Principalmente cercando di poter riprendere il lavoro in presenza con i bambini nelle nostre scuole, tanto negli asili come nelle scuole elementari. Una cosa che qui non è stata semplice perché ancora adesso ci sono un po’ di vincoli, di norme che dà il ministero e la stragrande maggioranza delle scuole non lavora ancora in presenza ma in semi presenza solo alcune giornate. Noi invece abbiamo desiderato, proprio come Nadia l’anno scorso aveva fatto, di riprendere il lavoro con i bambini tutti i giorni in presenza, potergli dare un buon pasto a pranzo, riprendere l’accompagnamento alle famiglie, anche nelle loro case. La prima cosa è stata questa: riaprire il lavoro con i bambini nel modo migliore e nel modo in cui anche Nadia desiderava farlo. E poi cercare di mantenere vivo il ricordo, non solo il ricordo affettivo di Nadia, ma proprio ricordo della sua vita donata agli altri. Questo anno ci è servito per conoscere di più Nadia: attraverso la sua morte desiderare di scoprire meglio una vita e non solo noi volontari, ma farlo anche con la nostra gente. Abbiamo cercato di avvicinare i genitori e i bambini alla vita di Nadia, attraverso momenti di incontro, di preghiera e anche coi bambini di festa, di condivisione, con recite. In tanti modi cercare di presentare la vita di Nadia, come una vita bella, regalata, un esempio per noi e anche come una persona che adesso dal cielo ci può proteggere.

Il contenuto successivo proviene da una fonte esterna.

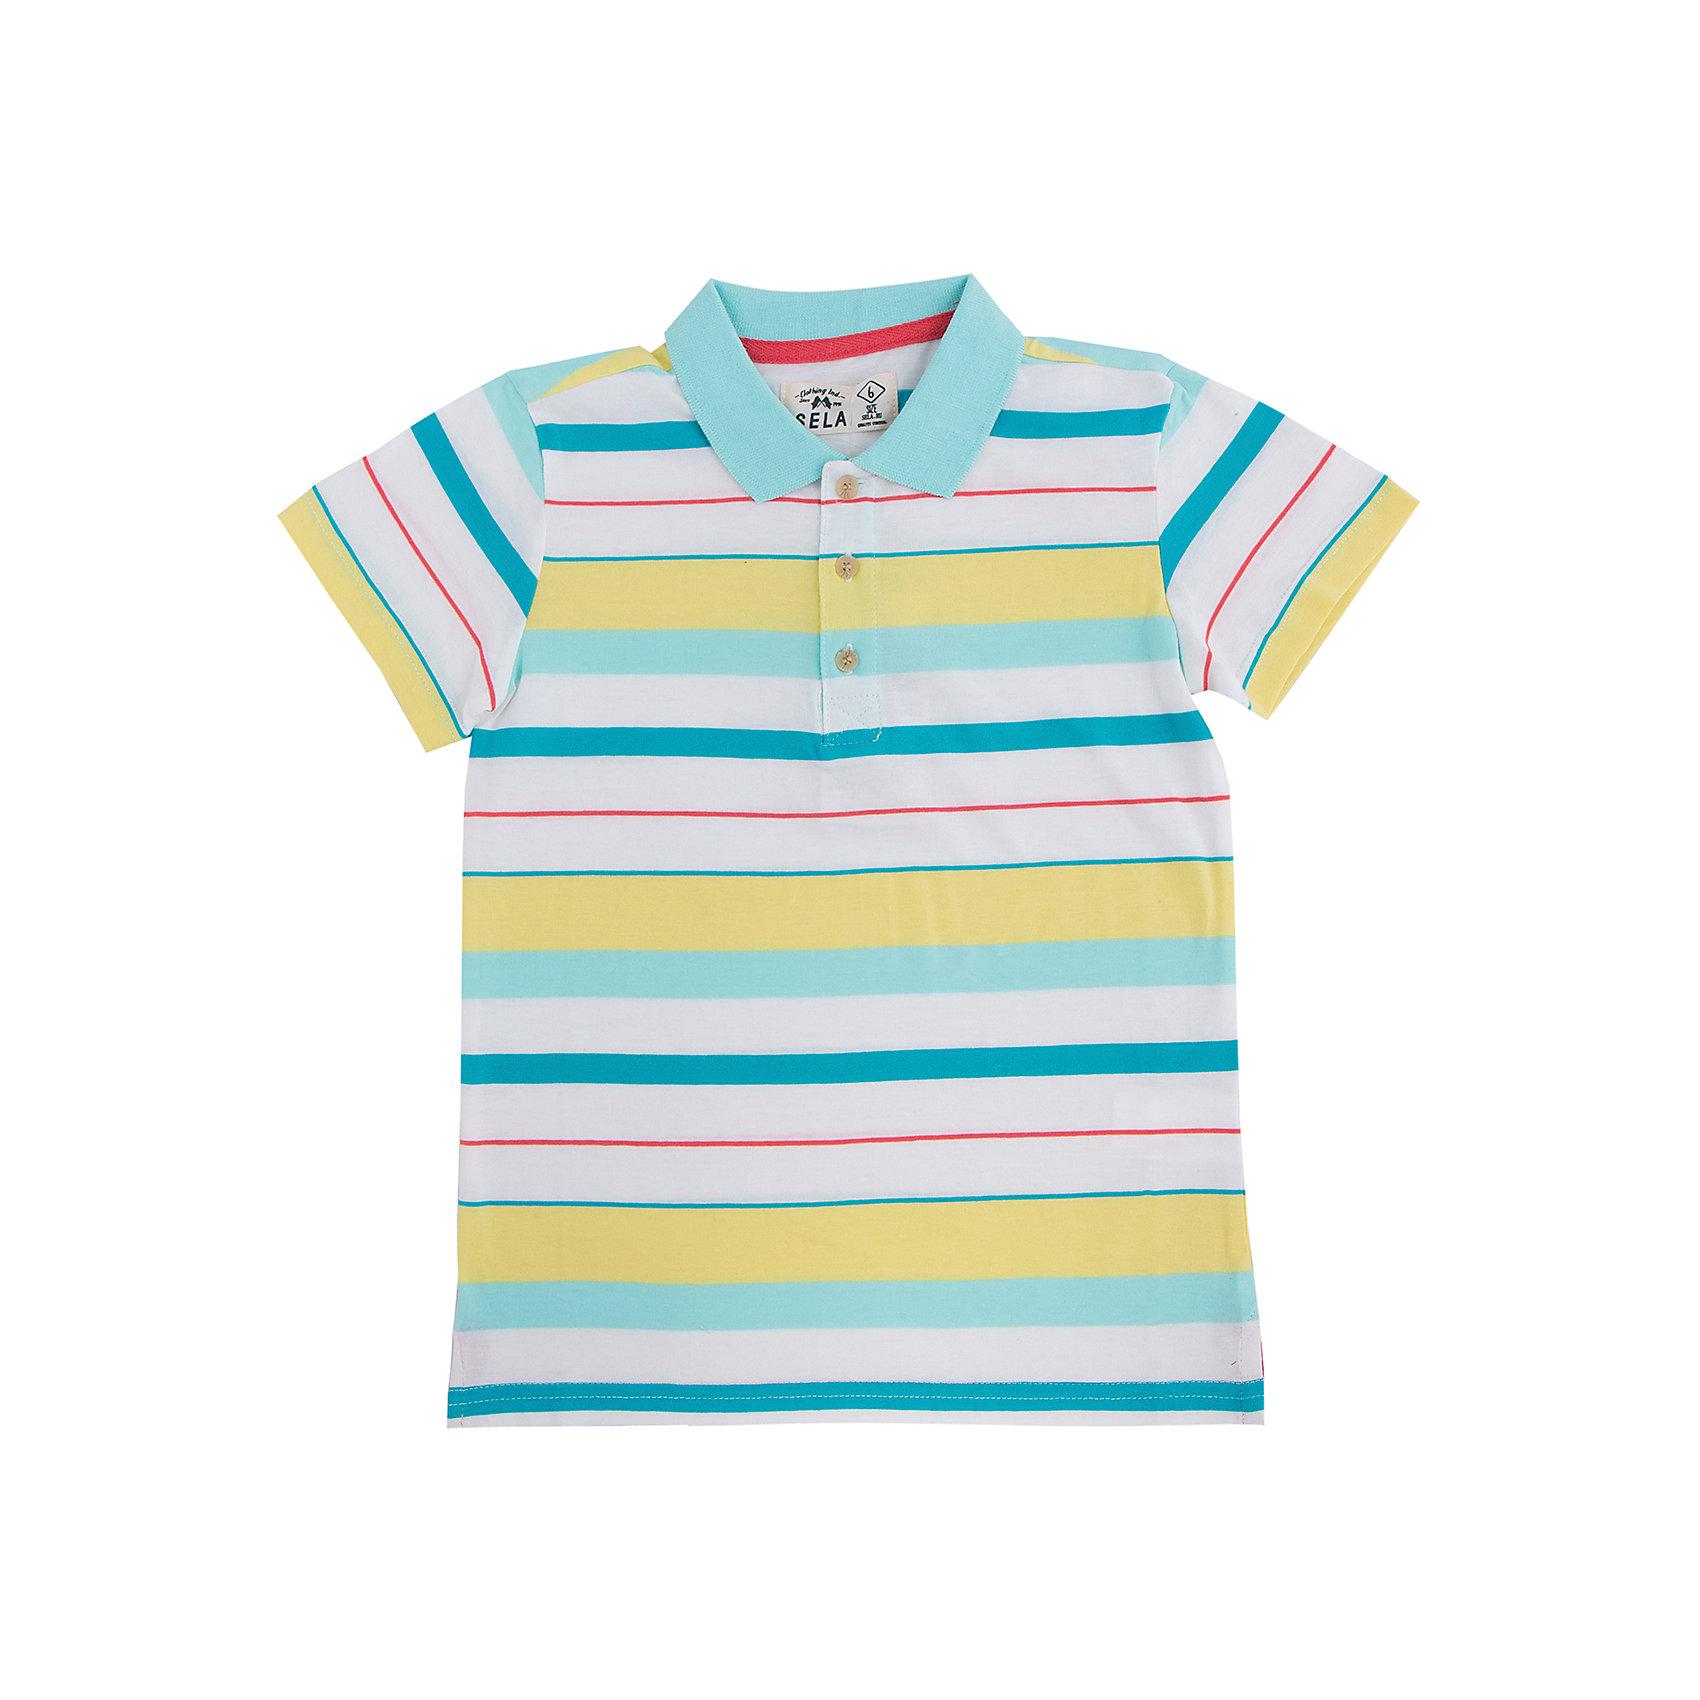 Рубашка-поло для мальчика SELAЯркая рубашка-поло для мальчика от популярного бренда SELA. Изделие выполнено из натурального гипоаллергенного трикотажа, очень мягкого, дышащего и приятного к телу, и обладает следующими особенностями:<br>- стильная полоска;<br>- аккуратный воротничок;<br>- 3 пуговицы на груди;<br>- разрезы по бокам;<br>- комфортный крой, гарантирующий свободу движений.<br>Великолепный выбор для активного и модного лета!<br><br>Дополнительная информация:<br>- состав: 100% хлопок<br>- цвет: белый + желтый + голубой<br><br>Рубашку-поло для мальчика SELA (СЕЛА) можно купить в нашем магазине<br><br>Ширина мм: 174<br>Глубина мм: 10<br>Высота мм: 169<br>Вес г: 157<br>Цвет: зеленый<br>Возраст от месяцев: 120<br>Возраст до месяцев: 132<br>Пол: Мужской<br>Возраст: Детский<br>Размер: 146,116,122,128,134,140,152<br>SKU: 4737234

L’ evento tragico di un anno fa ha cambiato in qualche modo anche la comunità di Nuevo Chimbote?
Nuevo Chimbote purtroppo è una città abbastanza violenta per cui anche l’aggressione e la morte di Nadia rischia di passare come tante altre aggressioni, tanti altri fatti violenti che succedono. Però le famiglie più vicine a noi, le persone dei nostri quartieri, ci hanno dimostrato tanto calore durante tutto quest’anno. La gente si è avvicinata di più a noi, ci ha dimostrato affetto, stima e anche vicinanza, una cosa che ci ha fatto sentire anche sicuri. Se in un primo momento ci può essere stato un po’ di timore per quello che era successo, la gente ci fatto proprio sentire il contrario. E credo che la gente delle nostre comunità, dopo la morte di Nadia ha visto sotto un’altra luce il lavoro che facciamo, la nostra presenza: non sono come un’0pera sociale, ma come un’azione di persone che desiderano regalare la vita per trasmettere qualcosa di buono, non solo per dare un aiuto materiale.
Quindi si può dire che dopo lo sconforto iniziale, anche per la difficoltà di dare un senso ad una tragedia così assurda, voi sacerdoti e volontari dell’Operazione Mato Grosso avete ripreso forza e vigore nel cuore?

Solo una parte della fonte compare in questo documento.